Saturday, 5 March 2011

The lunatics have taken over the asylum

An article by Mark Coker, founder of Smashwords, recently published in the Huffington Post, looked at the growing trend by writers to turn from traditional publishing and go the indie route. It claims that
a revolution is brewing that will topple Big Publishing as we know it.

The article lists a whole bunch of reasons of why this is happening - after all, the writer claims, even big name, professionally published writers are travelling the indie route. And the reasons for this, according to the article, are:

  • Advances are declining
  • Publishers reluctant to take chances on authors without established platforms
  • Most print books forced out of print before they've had a chance to reach readers
  • Authors expected to shoulder most post-publication marketing on their own dime
  • Lost and mismanaged rights
  • Brick and mortar retail distribution disappearing
  • Publishers value books through myopic prism of perceived commercial potential (publisher death panels)
  • Publishers acquire today what was hot yesterday so they can publish it 12-18 months from tomorrow
  • Publishers over-price and under-distribute author works
  • Publisher ebook royalties 17% list (25% net) vs 60-70% list (85-100% net) for self-publishing

Big Publishing, although it employs thousands of talented and well-intentioned professionals, is built upon a broken business model, Coker claims and points out that all the of the big eBook retailers -Apple, Barnes & Noble, Sony, Kobo and Amazon - have embraced indie ebook authors and grant their works equal shelf presence alongside Big Publishing authors. Readers, not publishers, have become the curators.

However given how easy it is the self publish digitally are we heading for a situation where every third person will be a self published author?

It stands to reason that there will be a lot of badly edited, badly written, eBooks out there. However there's a lot of  crap coming out from traditional publishing too.
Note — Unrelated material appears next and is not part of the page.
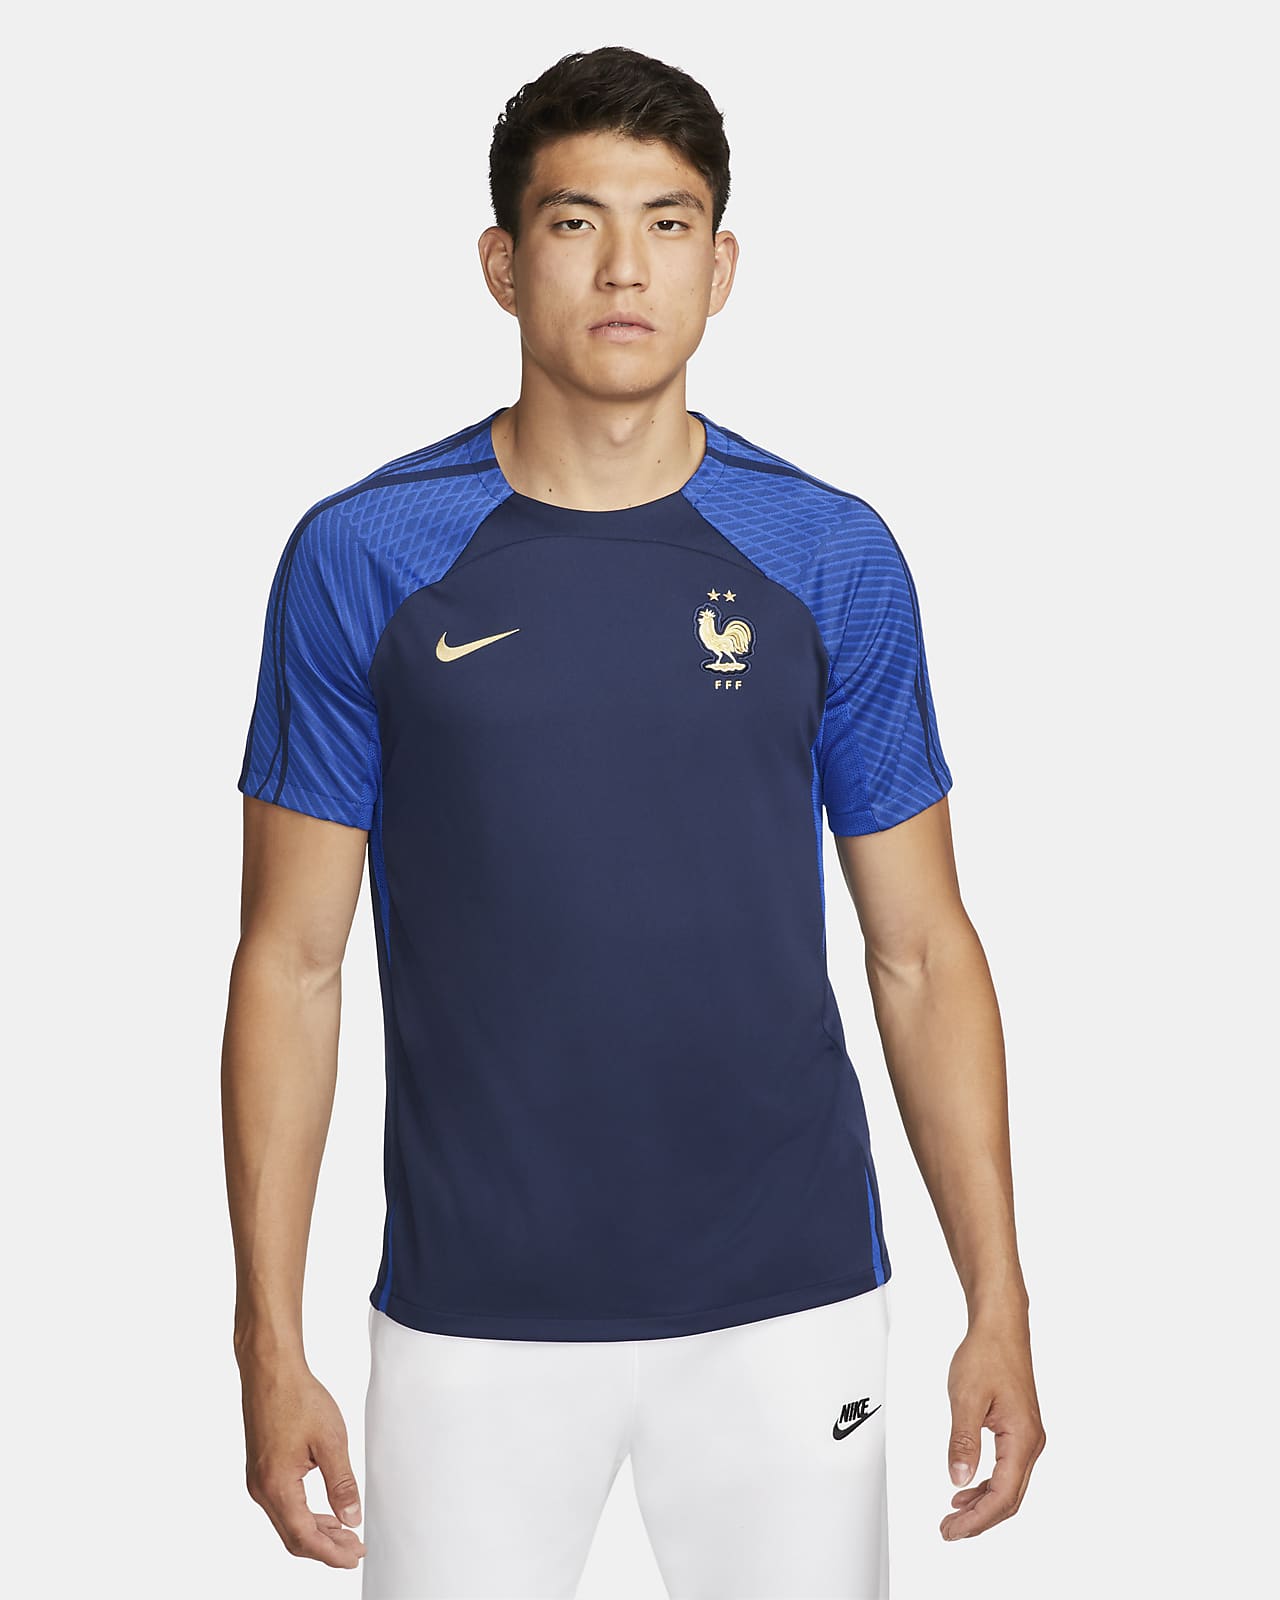 Playera de fútbol de manga corta Nike para hombre de Francia Strike. Nike.com

It is likely that the big name authors of tomorrow will emerge from the indie scene. It's happened in the past with films and music, and will happen with books. Already many indie authors are making names for themselves and getting covered by mainstream magazines and newspapers - folk like Joe Konrath,, Amanda Hocking and Ann Nordin - and selling eBooks by the shed-load.
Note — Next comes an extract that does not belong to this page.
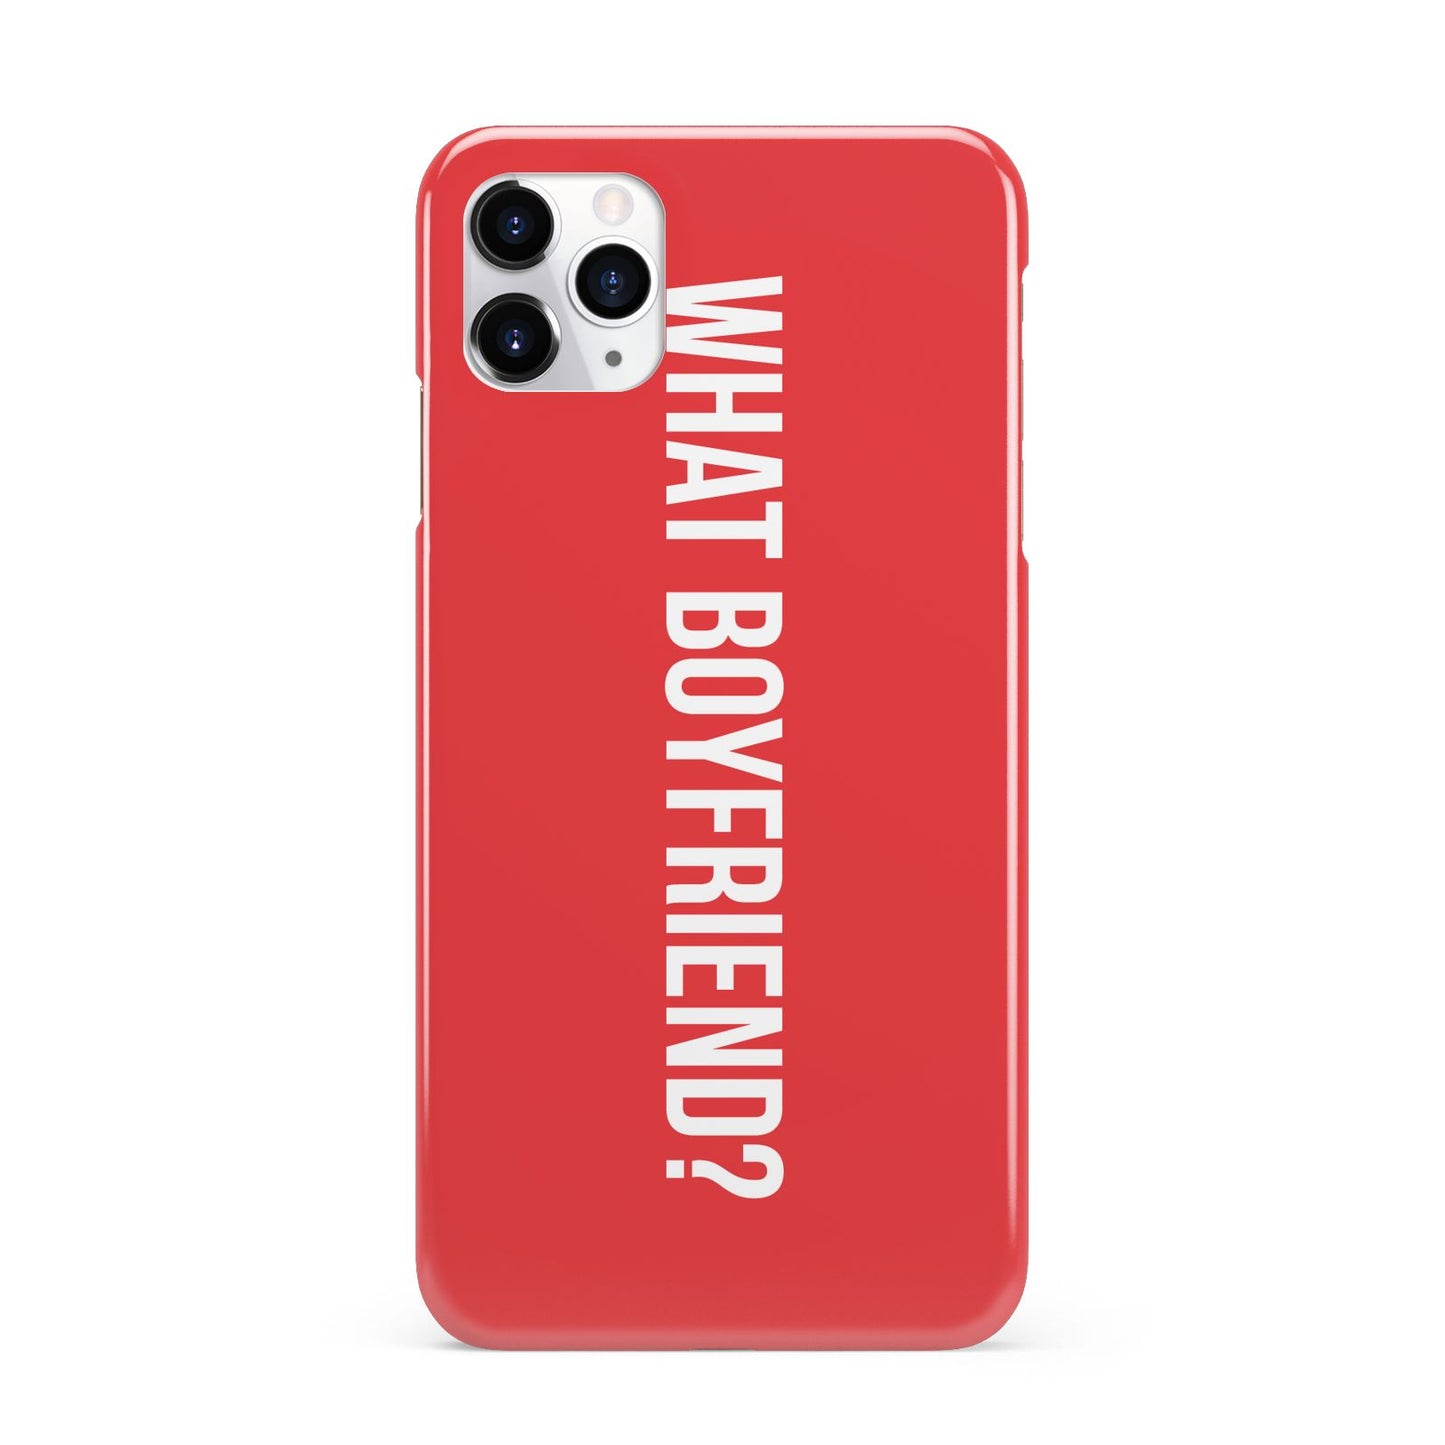 What Boyfriend iPhone 11 Pro Max 3D Snap Case

It is also obvious that a lot of deserving books have failed, for whatever reason to be picked up by traditional publishing, but by the same token there are a lot of books which are undeserving of publication that will now see their way onto the market via the self ePublishing route. What will happen is that it will be a mess out there and the fear is that readers, stung by several bad books, will be reluctant to try new authors and only those with the name of the big publishing houses behind them will thrive - we'll be back to the status quo then.

It's all very well and empowering for the likes of Amazon, Kobo, etc to make self publishing so easy, but surely there should be some quality control. As it stands someone could write a ten page short story, just bang it out in a couple of hours, do no editing at all, not even read the thing once it's written, and have it on sale with all the major eRetailers this afternoon. Too much of this and readers will learns that the big eRetailers may offer quantity but not necessarily quality.
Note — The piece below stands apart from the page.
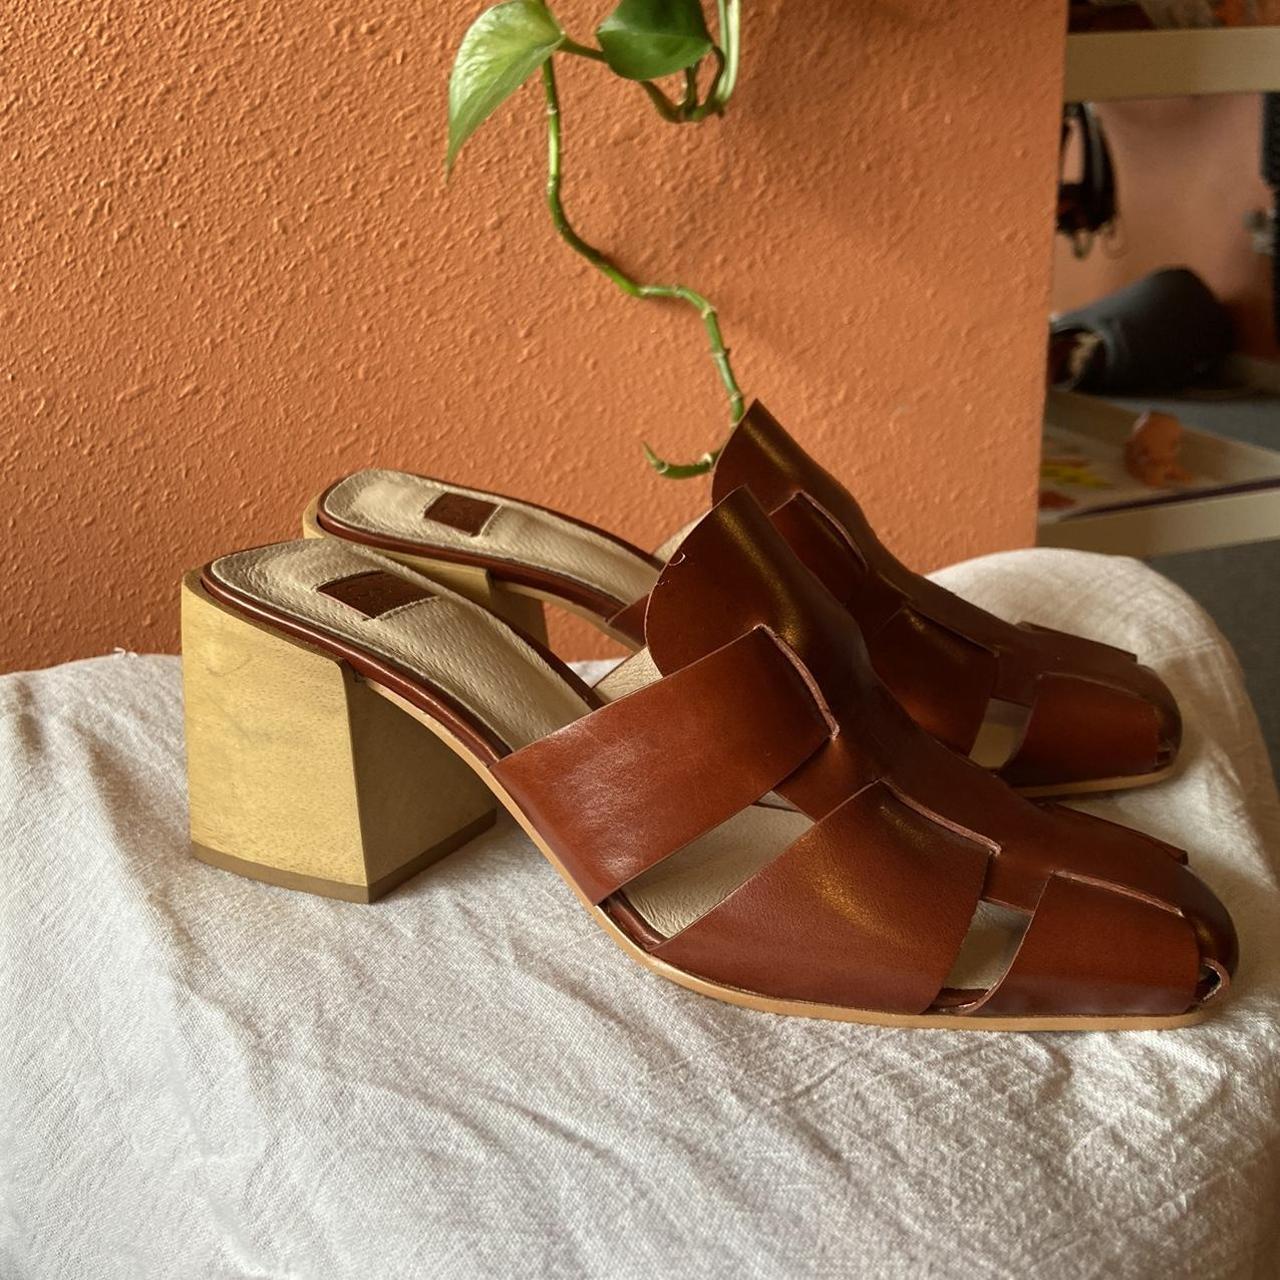 BRAND NEW Louise et cie block wooden heel maroon - Depop

Whatever happens we are living in eInteresting times.

1 comment:

Ron Scheer said...

Marketing drives readers' purchase decisions most of the time, and I don't think that will change. It finds a way to hog attention for a product and push other products off the shelf.

Word of mouth plays a big role, as well as the herd instinct. Consumers tend to want what everybody else wants. Thus crappy books, like a lot of other crappy products, will go on getting sold by the shed-load, as you say.

This guy's arguing that people will stop buying ebooks if they make too many bad purchases. I don't see that happening. When crap is cheap, people keeping buying and hope they'll get lucky - or they figure crap is as good as it gets. Those big super-discount stores would go out of business if this weren't the case.